Thursday, April 04, 2019

A Home Tenebrae Service

After returning to the Church in 1998 I found that I couldn't get enough of the beauty and rituals.  I
loved the "smells and bells" so to speak. 

One of my favorite liturgical seasons has always been Lent.  I love the austerity and penitential nature.  I'm convicted by the Stations of the Cross, the deep readings chosen for Sundays, and parish missions.

Of all of the observances of Lent, by far my favorite is the Tenebrae service.  It is far more difficult to find a Tenebrae service today but done well, it's power stays with you forever.

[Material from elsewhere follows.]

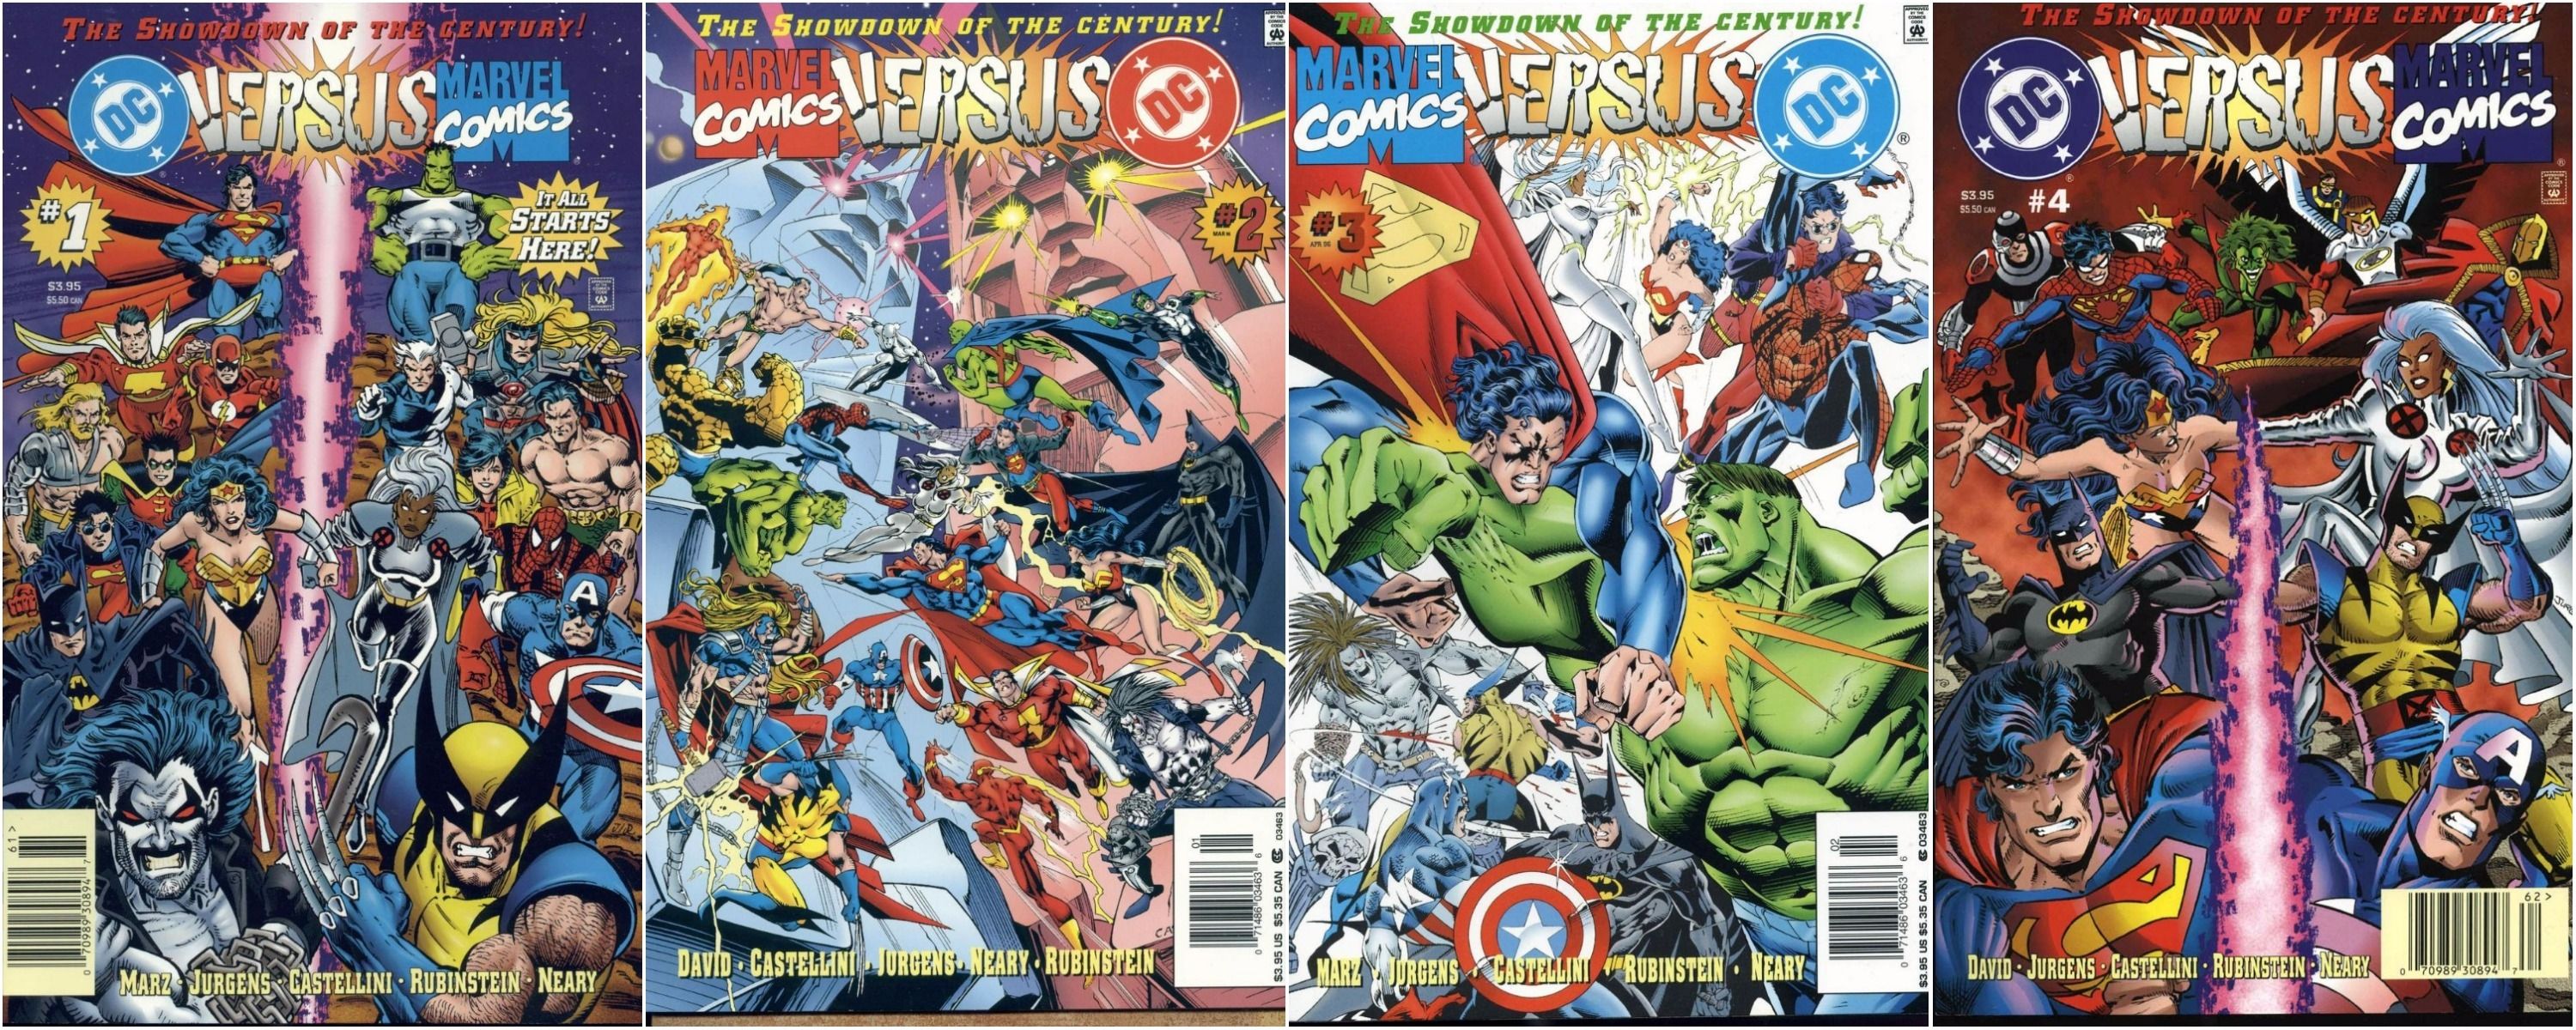 Marvel vs DC Covers 1-4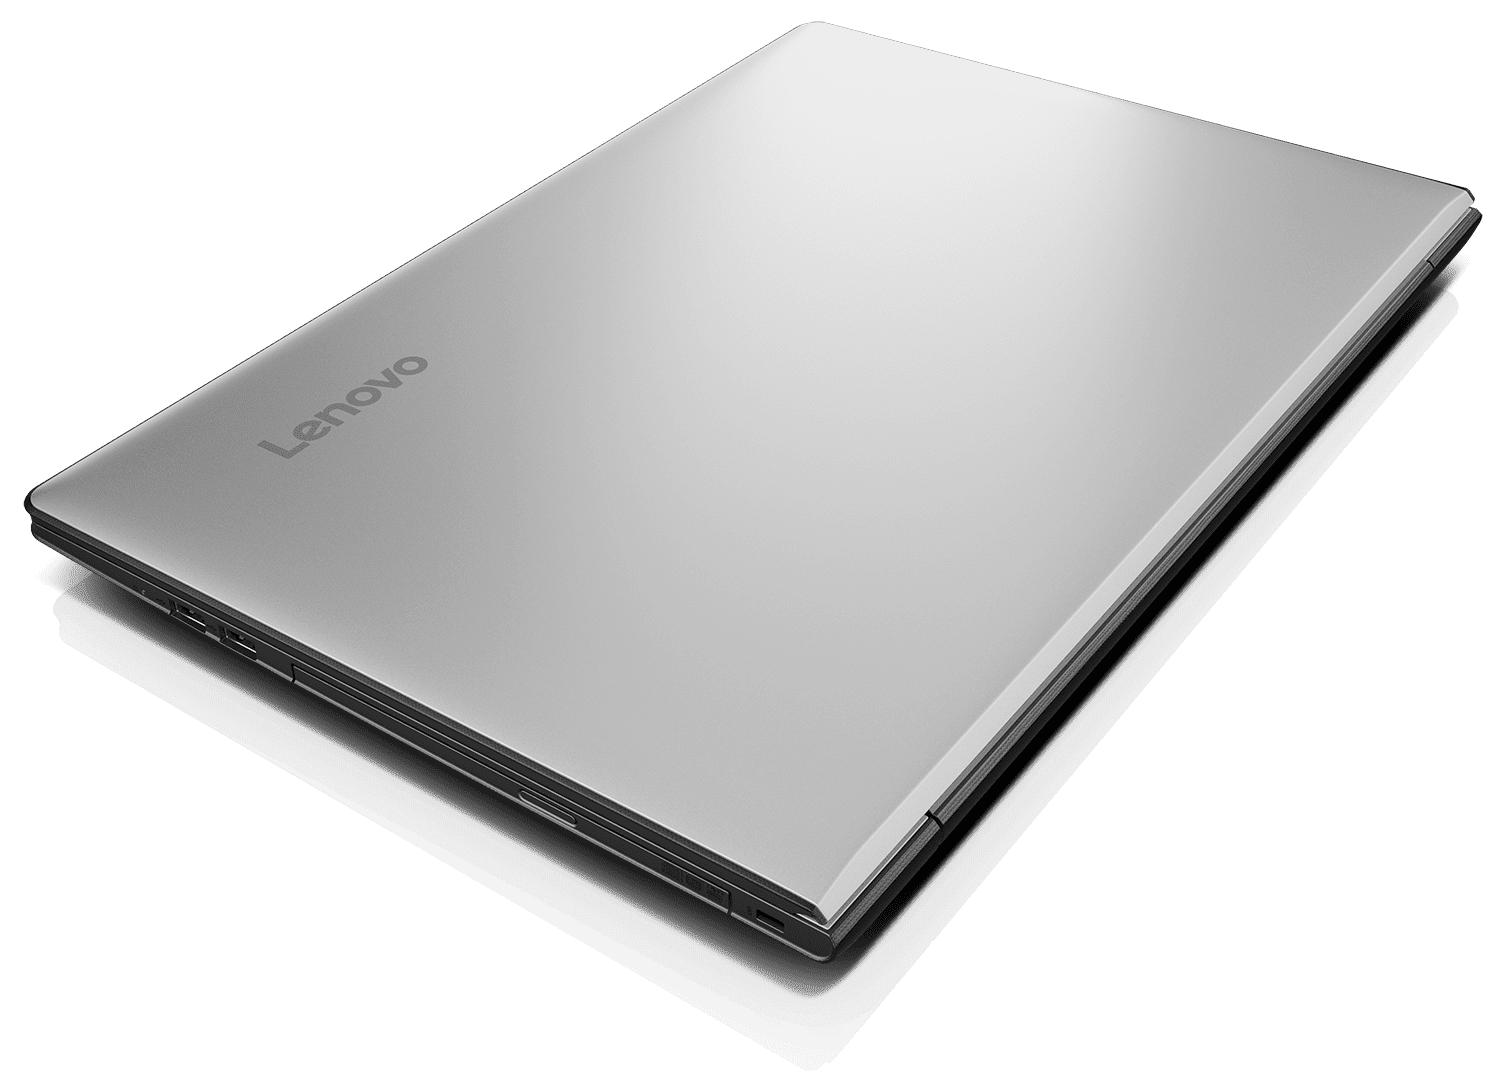 Ноутбук Lenovo 310 15isk Цена

Imagine if you will the evening of Good Friday.  You have been fasting and abstaining.  Perhaps you attended the Stations of the Cross or the Good Friday Liturgy, kissing the Cross and receiving Our Lord in the Blessed Sacrament at 3PM.  You return to the Church in the evening and see that the Church remains bare.  The statues are covered, hiding and mourning.  The altar is stripped as Jesus was.  The Church, in the waning hours of sunlight is growing darker, no lights are on and the Church reminds you more of a tomb than a womb.

Upon the altar stands a candelabra (a hearse) holding 15 candles in the shape of a pyramid.  This is the only day it is used.  The glow of the candles illuminates the sanctuary and the cold altar supporting it.  As you sit in the silence of the ever-growing darkness the form of a fellow parishioner rises and proceeds to the Ambo.  From there he or she reads from Sacred Scripture.  When finished, the parishioner walks to the hearse, extinguishes a single candle and returns to the pew.  A moment of silence follows until another parishioner repeats this process.  The church grows darker and darker.

Finally, the parish priest, who's outline you recognize, approaches the Ambo.  He reads the final reading.  He removes the last candle from the top of the hearse and carries it out of the sanctuary. 

The church is now in total darkness and silence.  Your eyes have grown accustomed to the darkness and you see the outline of the hearse on the altar, you can hear fellow parishioners around you breathing softly.  Suddenly, three loud, powerful knocks fill the Church as though the very walls are coming down and the hairs on your head and arms stand on end.  You see the shadow of the priest return to the altar, returning the last candle to it's position, unlit.  All depart in silence, it is finished.

Our Home Tenebrae Service "altar".
It truly is a moving and powerful service and I have often been brought to tears by it.  It's a great final meditation on the Passion of Christ and funeral service of sorts.

Unfortunately, it's presentation and observance has fallen into disuse.  So, wanting to give my family some sense of the impressive nature of the service, I designed a similar Tenebrae service for use in the home.  It consists of 7 candles instead of 15 and uses readings focused on the Last Supper, Crucifixion, and Death of Jesus.